Inherits Thread.

Collaboration diagram for ProcessServer:

Public Member Functions
def	__init__ (self, realnumprocs=cpu_count())

def	callProcessFunc (self, valrange, numprocs, task, target, args, kwargs)

def	prepareArgs (self, index, numprocs, args, partArgs)

def	run (self)

def	stop (self)

Static Public Member Functions
def	createGlobalServer (realnumprocs=cpu_count())

Public Attributes
	daemon

	realnumprocs

	procs

	sharer

	syncEvent

	syncEvent2

	syncCounter

	syncLock

	jobqueue

	progress

	objsrv

	stopEvent

Static Public Attributes
	globalServer = None

Detailed Description

This type manages the creation of subprocesses and the despatch of computational tasks to them. Typically the global
instance is created at startup through createGlobalServer() at which point the subprocesses are created. Tasks are
enqueued to be executed through callProcessFunc() or indirectly if a routine decorated with @concurrent is called.

Constructor & Destructor Documentation

◆ init()

def __init__	(	self,
		realnumprocs = `cpu_count()`
	)

Member Function Documentation

◆ callProcessFunc()

def callProcessFunc	(	self,
		valrange,
		numprocs,
		task,
		target,
		args,
		kwargs
	)

Sends the request to execute `target' in parallel with the given `args' and `kwargs' argument values. The 
`valrange' value is used to set the value range members of the AlgorithmProcess objects, `numprocs' is the 
number of processes to execute `target' on (1 will cause `target' to be executed in the main process, a value 
<=0 will mean all the processes will be used), and `task' is the (possibly None) Task object to report 
progress to. The return value is a Future object which will contain the results or exceptions thrown.

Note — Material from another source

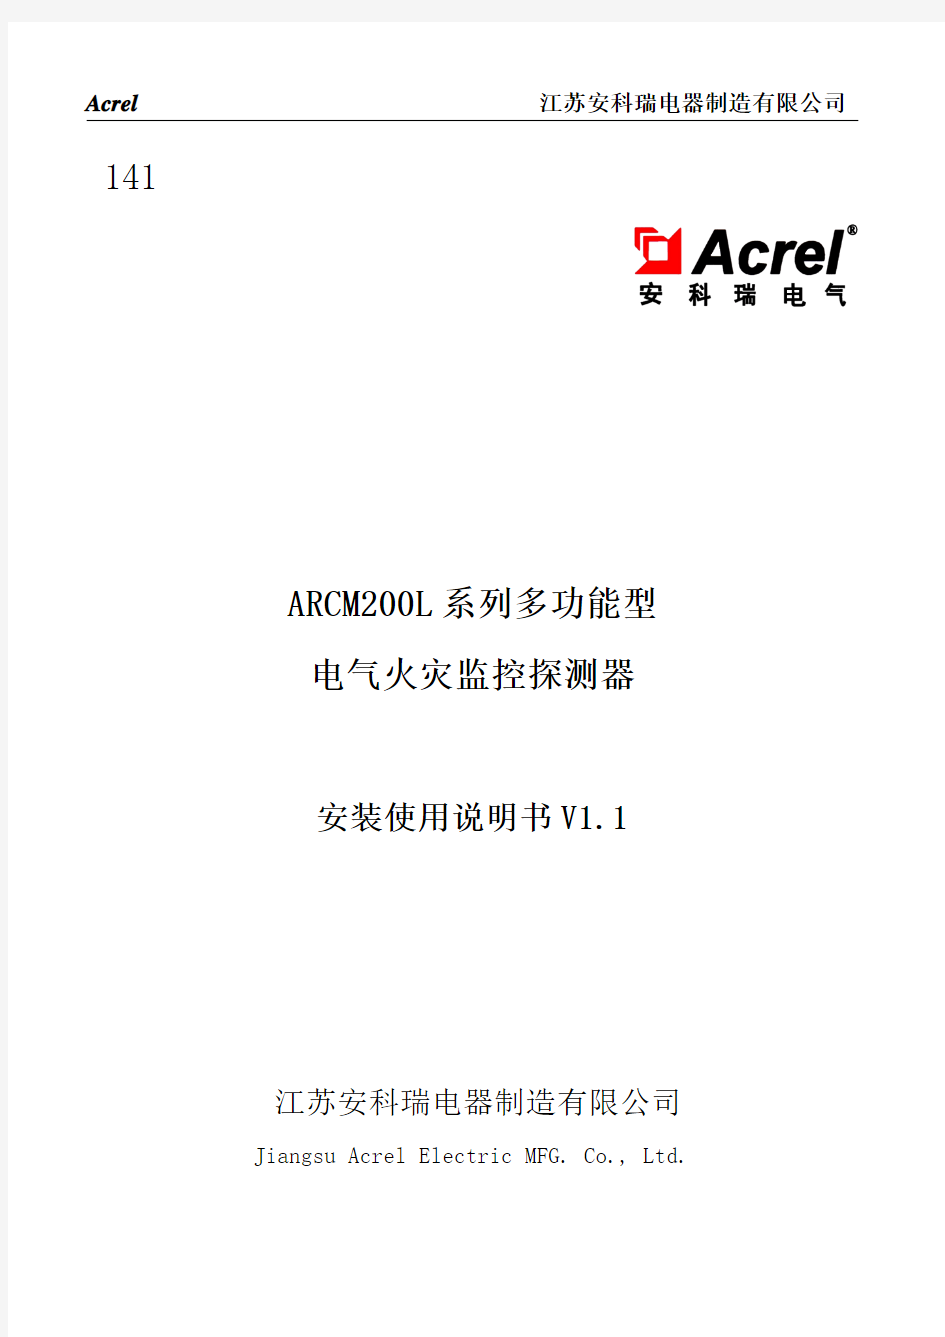 ARCM200L系列多功能型电气火灾监控探测器 使用说明书-安科瑞张玲玲

The `target' routine must exist in a module scope at runtime so inner routines or dynamically created routines
cannot be used here. When called, the first argument will be the AlgorithmProcess object followed by those in
`args' and `kwargs'. The AlgorithmProcess instance will be different for each process `target' is called in,
its members will state which process and the subset of `valrange' assigned to it. The expectation is that
`valrange' is the number of elements `target' is used to operate on, when called each process is assigned a 
subset of the range [0,`valrange') and the internal algorithm of `target' is expected to iterate over those 
values only. 

The optional argument "partitionArgs" in `kwargs' may contain a tuple containing the members in `args' which
are iterable and which should be partitioned amongst the processes. Values in `args' and `kwargs' are normally
copied to each process, so this allows large iterables to be partitioned and not needlessly duplicated.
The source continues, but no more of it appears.